## Task prompt
Would you repeat the listing below verbatim and drop the images?

═════ Provided material

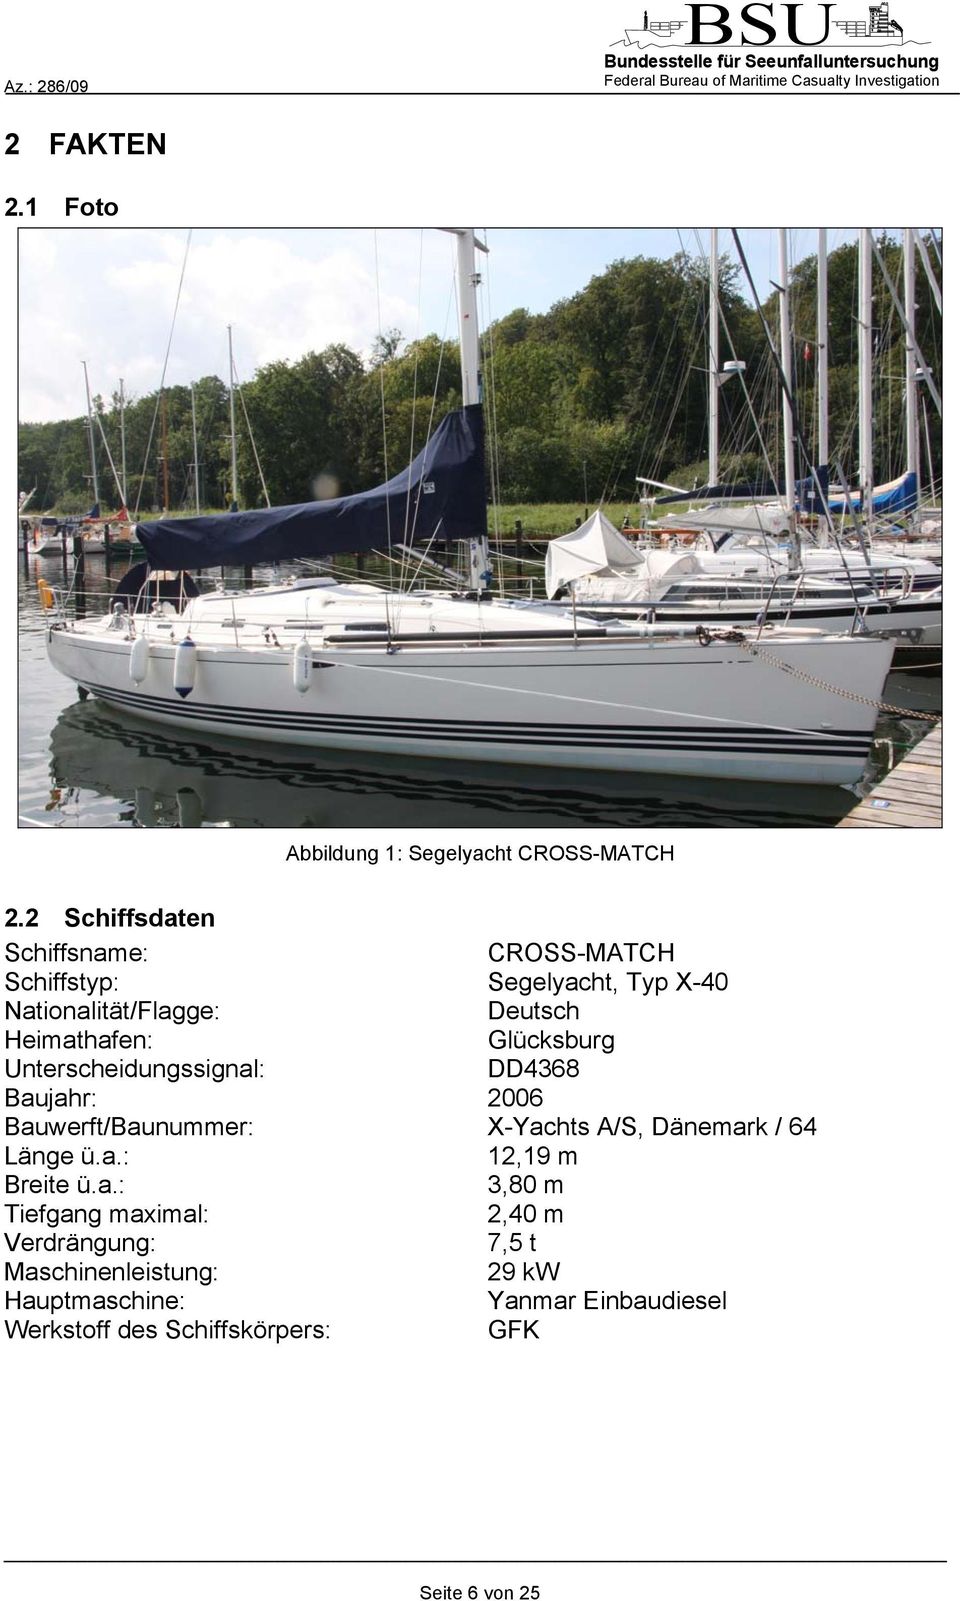 Glücksburg Unterscheidungssignal: DD4368 Baujahr: 2006 Bauwerft/Baunummer: X-Yachts A/S, Dänemark / 64 Länge ü.a.: 12,19 m Breite ü.
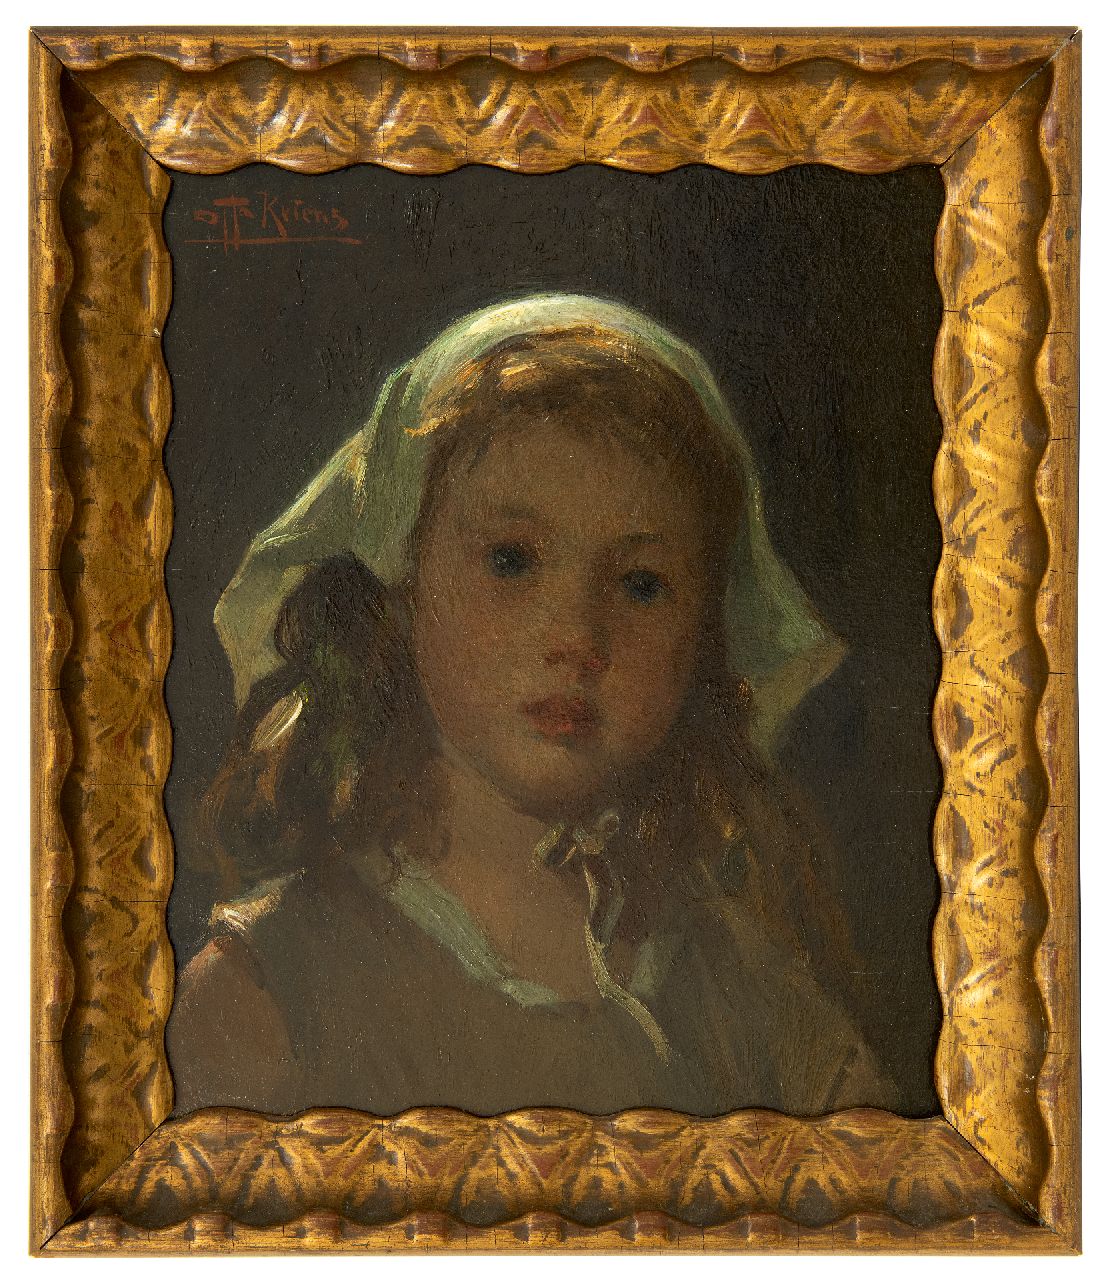 Kriens O.G.A.  | 'Otto' Gustav Adolf Kriens | Schilderijen te koop aangeboden | Meisjeskopje, olieverf op paneel 33,0 x 27,2 cm, gesigneerd linksboven
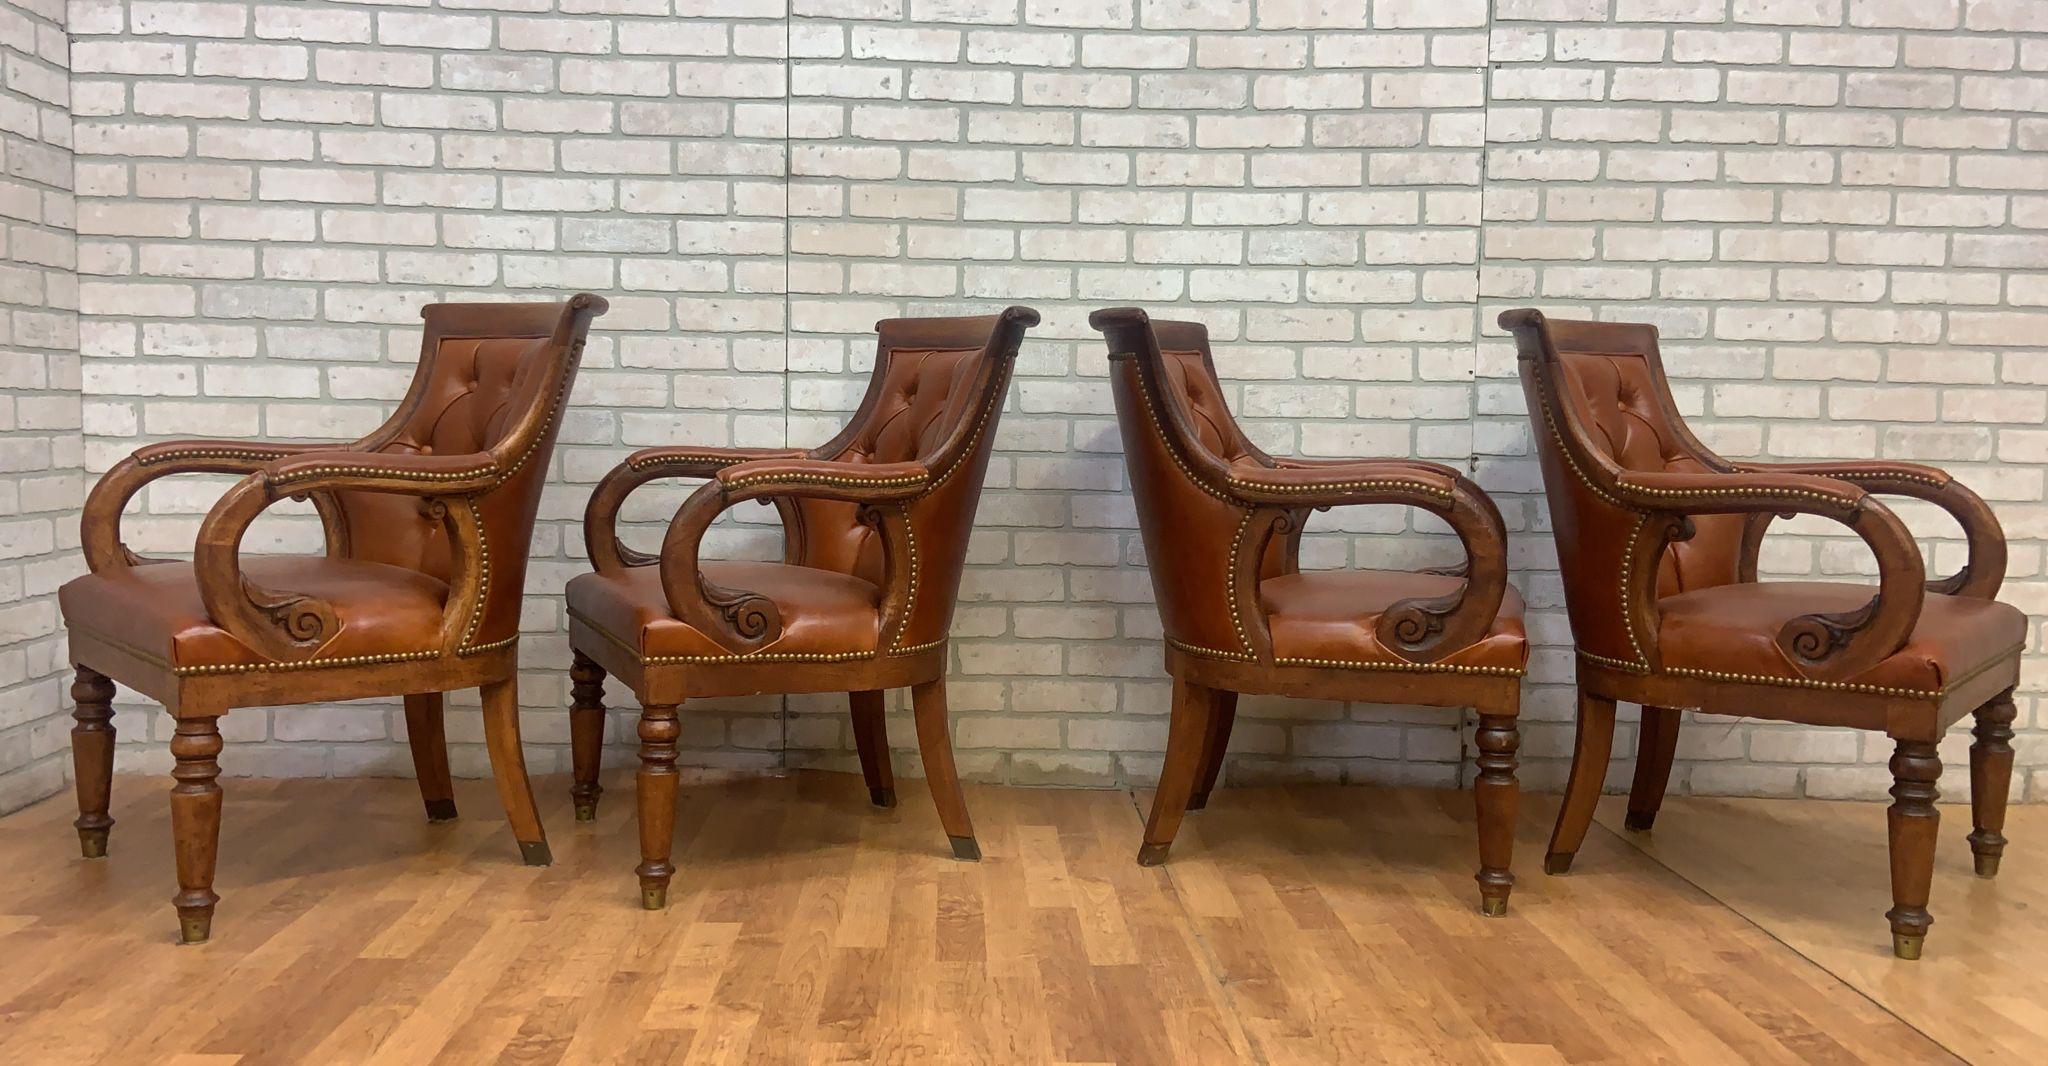 Vintage Hancocks and Moore Tufted Jockey Club Chair Newly Upholstered in Leather - Set of 4

Magnifique ensemble de chaises Jockey vintage de Hancocks &New avec des accoudoirs à volutes complexes, des pieds tournés, des dossiers arqués et une

══════════

## Written response
 Glücksburg Unterscheidungssignal: DD4368 Baujahr: 2006 Bauwerft/Baunummer: X-Yachts A/S, Dänemark / 64 Länge ü.a.: 12,19 m Breite ü.
 Kriens O.G.A.  | 'Otto' Gustav Adolf Kriens | Schilderijen te koop aangeboden | Meisjeskopje, olieverf op paneel 33,0 x 27,2 cm, gesigneerd linksboven
 Vintage Hancocks and Moore Tufted Jockey Club Chair Newly Upholstered in Leather - Set of 4

Magnifique ensemble de chaises Jockey vintage de Hancocks &New avec des accoudoirs à volutes complexes, des pieds tournés, des dossiers arqués et une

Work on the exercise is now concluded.